# Fantasy Television



## Devor (May 6, 2012)

Apparently Wikipedia hosts a pretty good list of Fantasy TV that I just stumbled upon.

List of fantasy television programs - Wikipedia, the free encyclopedia

Which do you think are any good?


----------



## Ghost (May 6, 2012)

I highly, highly recommend Fullmetal Alchemist, Dead Like Me, The Twilight Zone, and The Storyteller. You can find Fullmetal Alchemist online in a few different places, and I think the others are on Netflix Instant.

I like The 10th Kingdom, Buffy the Vampire Slayer, and Xena as well, but I'd only recommend them to people who like silliness. I also like True Blood, but it's not for everyone. I'd say read Gormenghast before watching it. Unfortunately, I didn't, and now the books are languishing on my bookshelf, unread. Meanwhile, I've the TV series a few times. :redface:

I watched the beginning of Dark Shadows, but I never finished the whole show. Faerie Tale Theatre is okay. A few episodes are duds, and it's not half as awesome or memorable as Jim Henson's the Storyteller. I'm surprised Rocko's Modern Life is on there. Must watch again to see if it aged well... I liked Doug (when it was on Nickelodeon) and Fairly Odd Parents, but they're definitely kids' shows.

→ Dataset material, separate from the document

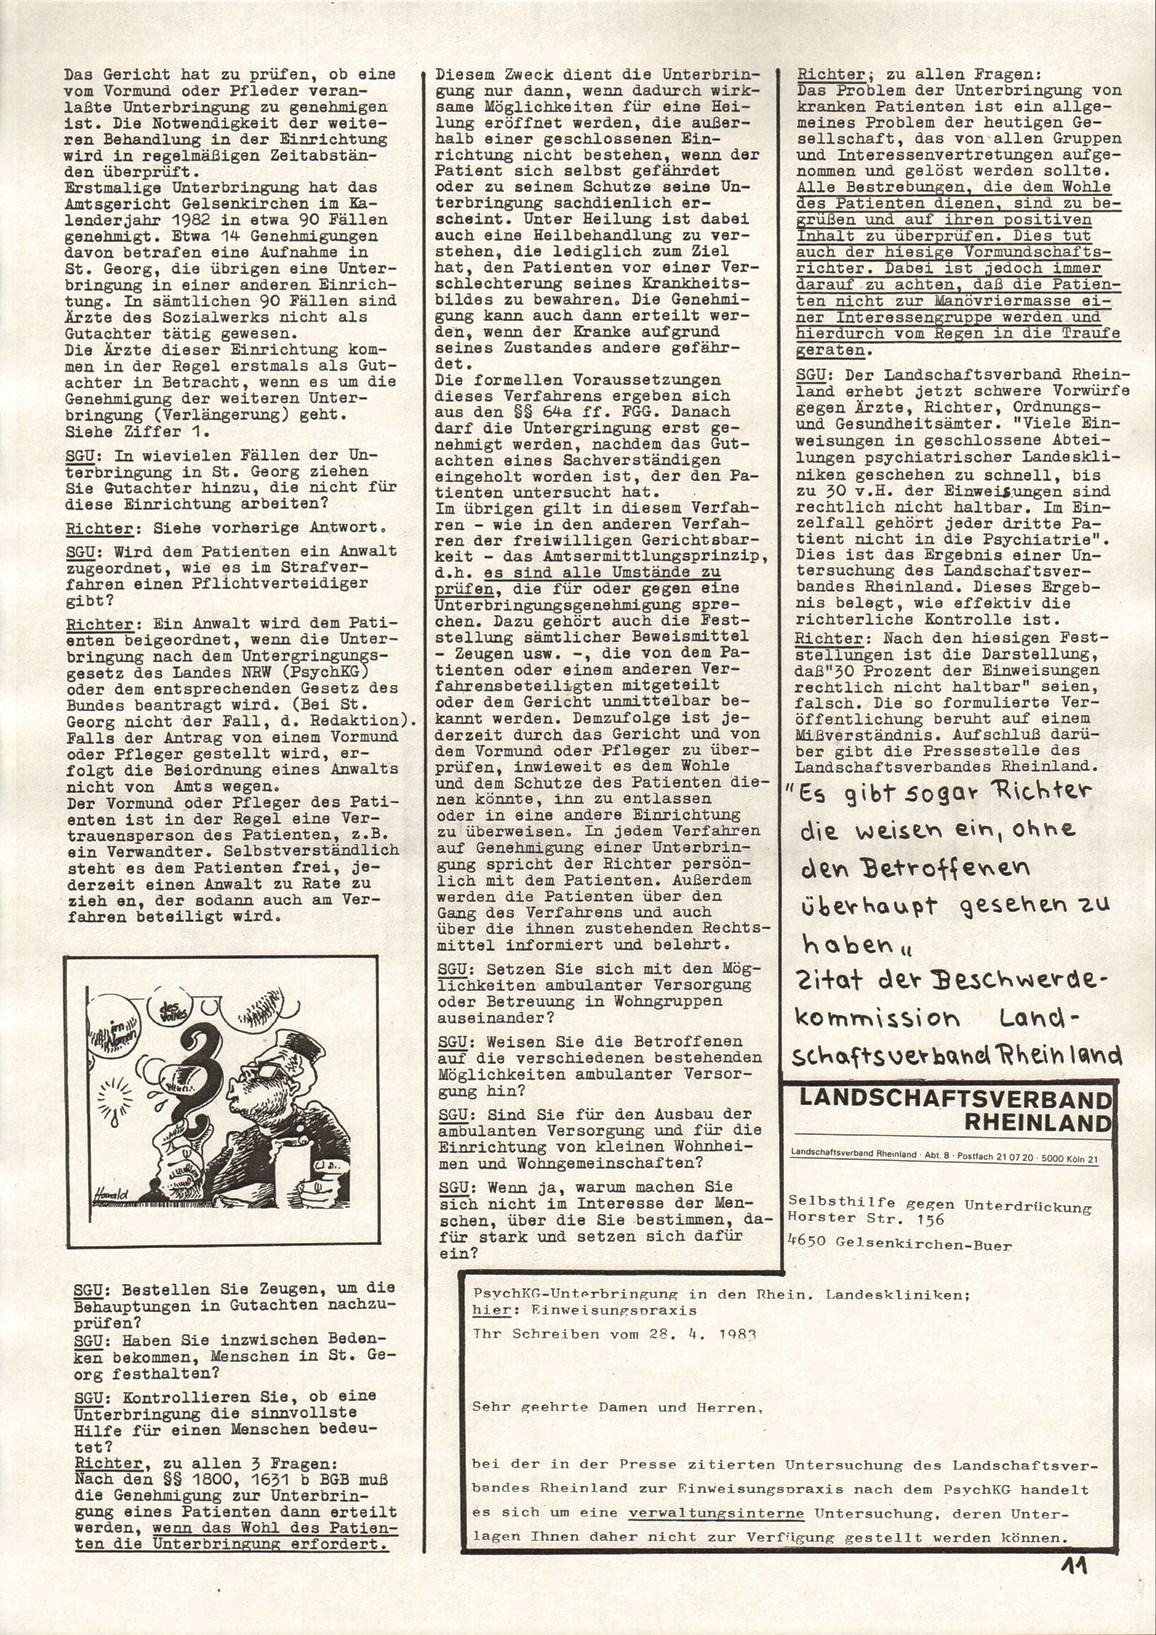 Gelsenkirchen_Selbsthilfe_Blatt_1983_02_11
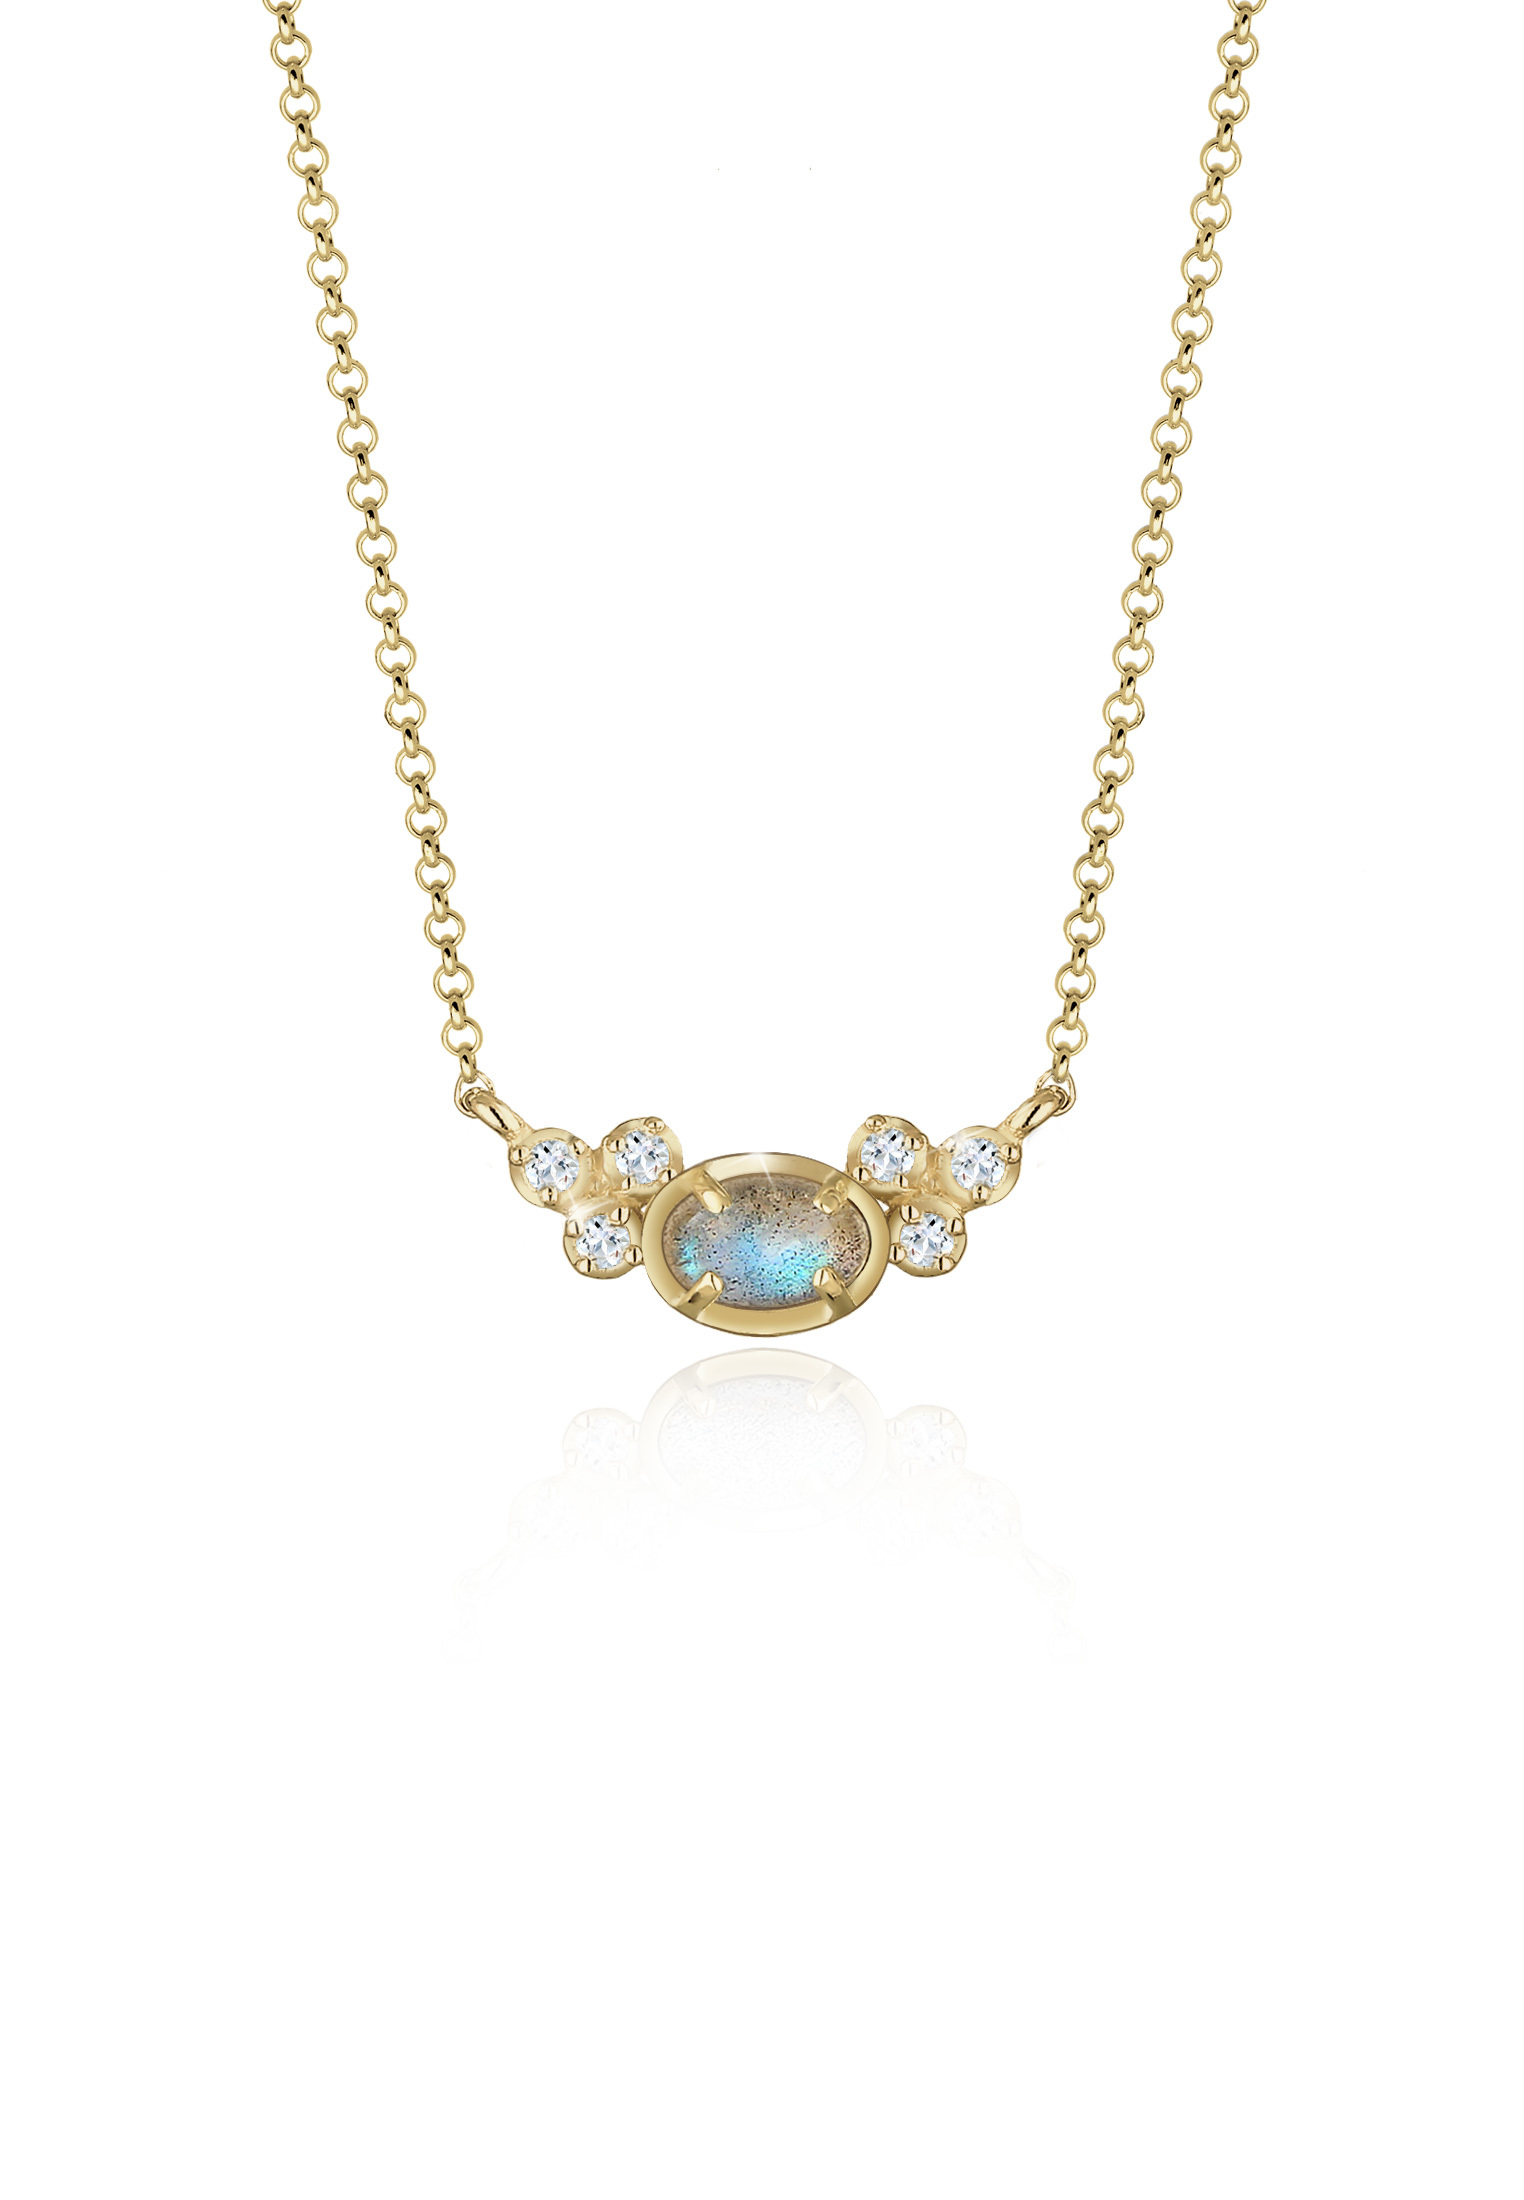 Halskette   Topas ( Weiß )   925 Sterling Silber vergoldet

I wanted to watch The Dragon Ring but couldn't find it online in English. Someone did upload The Cave of the Golden Rose on Youtube, though. I've watched others, like Mists of Avalon, Robin Hood, Grimm, and Angel, but I either didn't like them or found them forgettable.


----------



## Kelise (May 6, 2012)

Jekyll is fantastic - done by the same people who do Sherlock and Doctor Who. 

Primeval was good in parts, though just didn't really click with me. Dinosaurs are always awesome, though, and all the other creatures they have appear. There's also a UK show called 'The Fades' which is quite new, a slightly odd drama about souls caught on earth and a boy who can see what's going to happen. Apparently very pretty and quite creepy.


----------



## Steerpike (May 6, 2012)

Twilight Zone was great for a classic show. I liked Buffy, and...well, hmmmmm.

I didn't like the Gormenghast mini series, personally. Books are awesome though.


----------